Remuneration Committee
During the year the Remuneration Committee comprised Sir Julian Horn-Smith, as Chairman of the Committee, Mr Brydon, Sir Nigel Broomfield and Messrs Challen and O'Leary. As previously mentioned, Mr O'Leary died on 14 August 2006.
The Committee's responsibilities are described in the Directors' Remuneration Report.
The Committee meets periodically when required but at least three times per annum. No one other than the members of the Committee is entitled to be present at meetings but the non-executive directors who are not members of the Committee and the Chief Executive are normally invited to attend and external advisers may be invited by the Committee to attend. No executive is present when the Committee considers matters relating to himself or acts in matters relating to himself. Mr Brydon is absent when his own remuneration as Chairman of the Company is under discussion.
The Committee has access to such information and advice both from within the Group and externally, at the cost of the Company, as it deems necessary. It is responsible for appointing any consultants in respect of executive directors' remuneration. The Committee reviews annually its terms of reference and effectiveness and recommends to the Board any changes required as a result of such review.
Nomination Committee
From 1 August 2005 to 27 February 2006 the Nomination Committee comprised Mr Brydon, as Chairman of the Committee, Mr Jackson and Lord Robertson of Port Ellen. On 27 February 2006 Mr O'Leary replaced Lord Robertson as a member of the Committee and Sir Kevin Tebbit joined the Committee on 12 July 2006. As previously mentioned, Mr O'Leary died on 14 August 2006. From that date the Committee comprised Mr Brydon, as Chairman of the Committee, Mr Jackson and Sir Kevin Tebbit.
The Committee leads the process for identifying, and makes recommendations to the Board regarding, candidates for appointment as directors of the Company and as Company Secretary, giving full consideration to succession planning and the leadership needs of the Group. It also makes recommendations to the Board on the composition of the Nomination Committee and the composition and chairmanship of the Audit and Remuneration Committees. It reviews regularly the structure, size and composition of the Board, including the balance of skills, knowledge and experience and the independence of the non-executive directors, and makes recommendations to the Board with regard to any changes.
The Committee meets periodically when required. No one other than members of the Committee is entitled to be present at meetings but the non-executive directors who are not members of the Committee and the Chief Executive are normally invited to attend and external advisers may be invited by the Committee to attend.

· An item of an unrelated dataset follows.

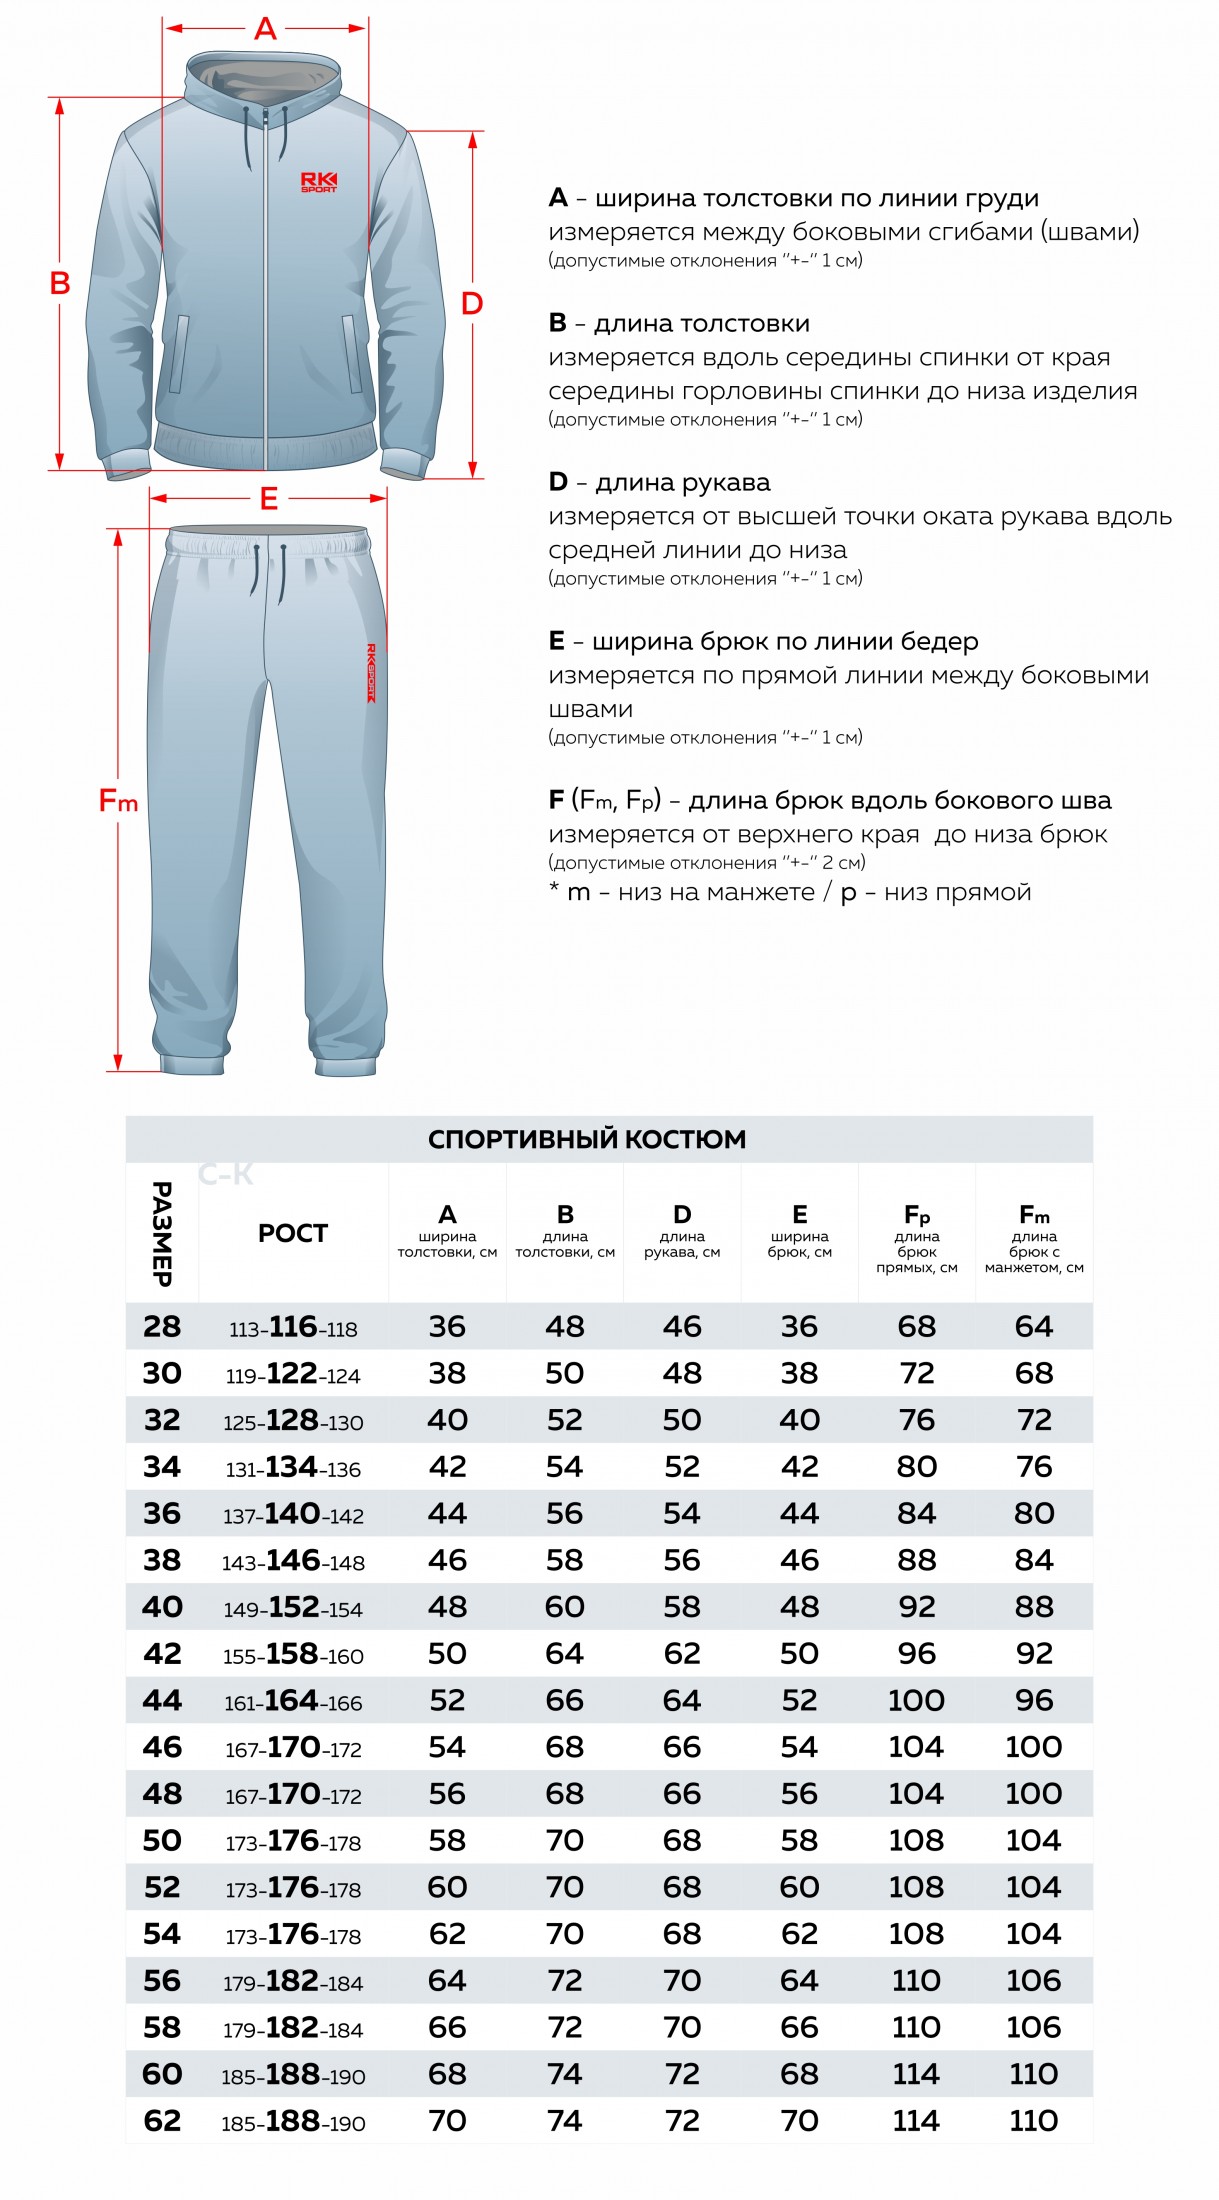 Таблица спортивных костюмов. Размер 56 мужской спортивный костюм параметры. Размерная сетка мужских спортивных штанов. Размерная сетка спортивных костюмов Joma. Размерная таблица мужской спортивки.
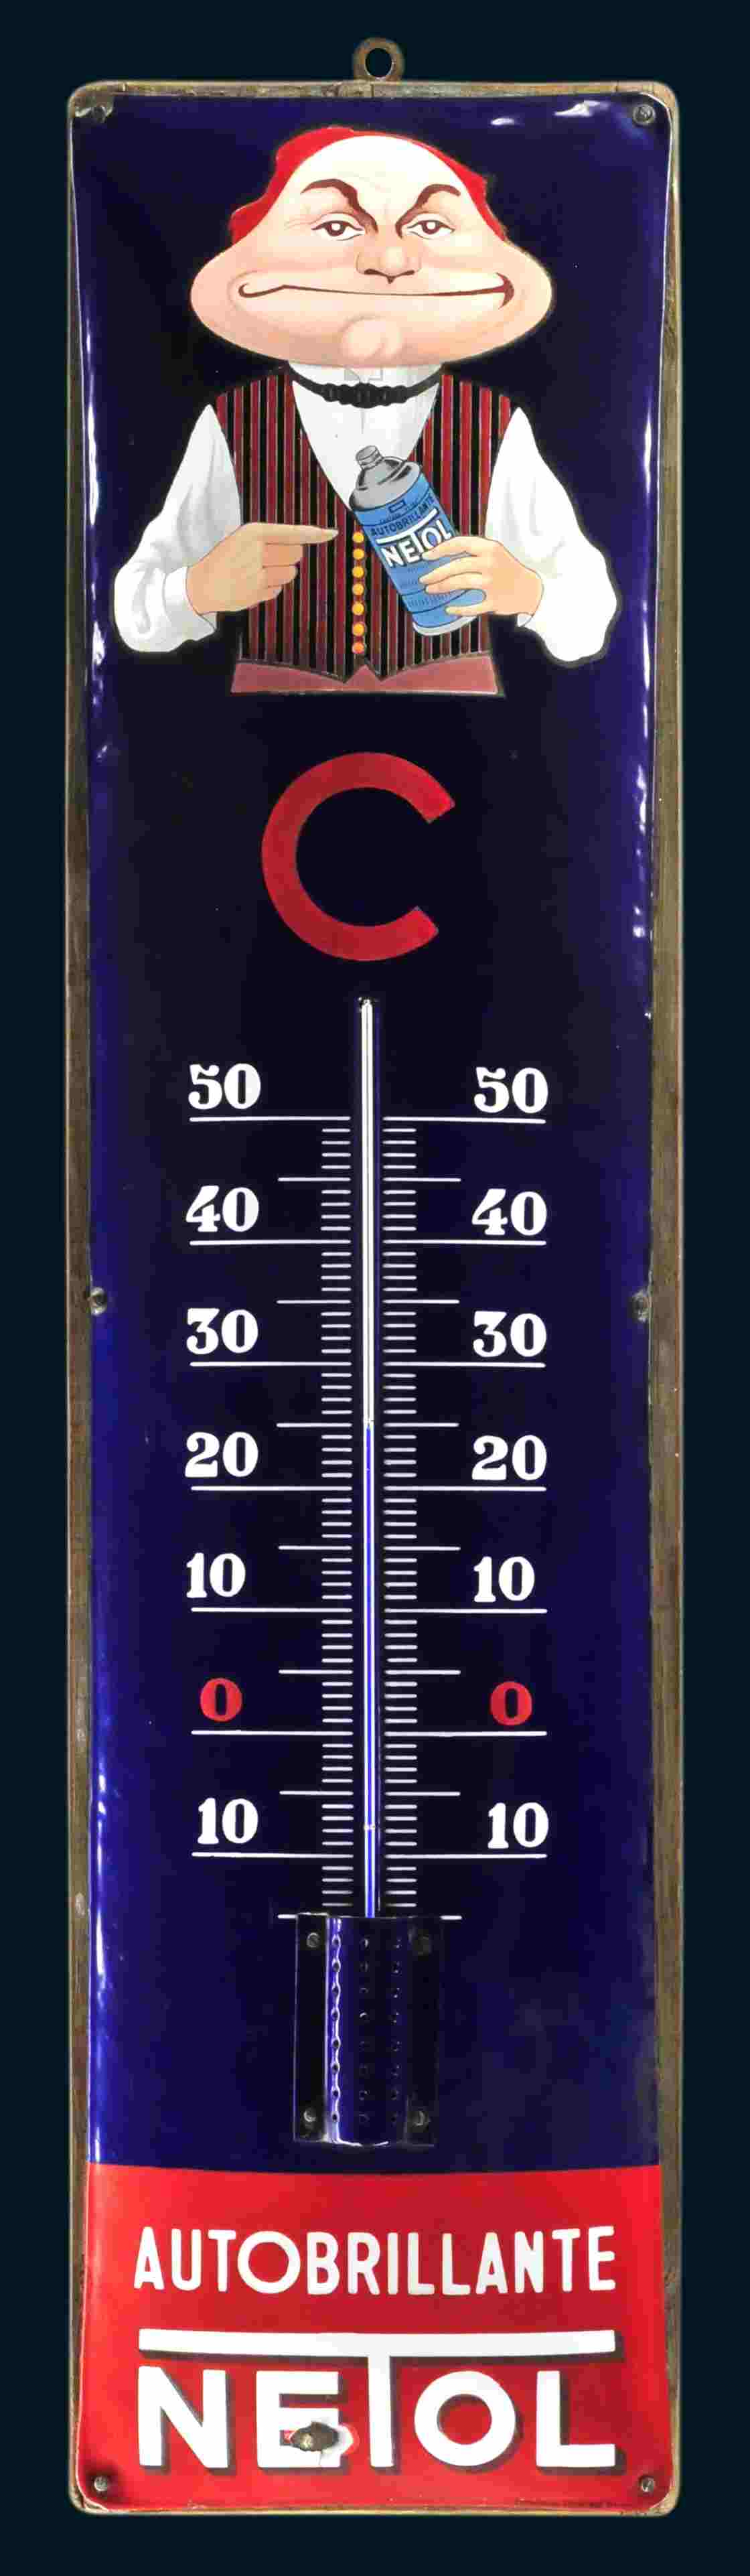 Netol Autobrillante Thermometer

The Committee has access to such information and advice both from within the Group and externally, at the cost of the Company, as it deems necessary. This may include the appointment of external search consultants, where appropriate. The Committee reviews annually its terms of reference and effectiveness and recommends to the Board any changes required as a result of such review.
The procedures referred to above were used by the Nomination Committee in the appointment of Sir Kevin Tebbit as a non-executive director with effect from 14 June 2006 and Mr Langston as Finance Director with effect from 6 September 2006.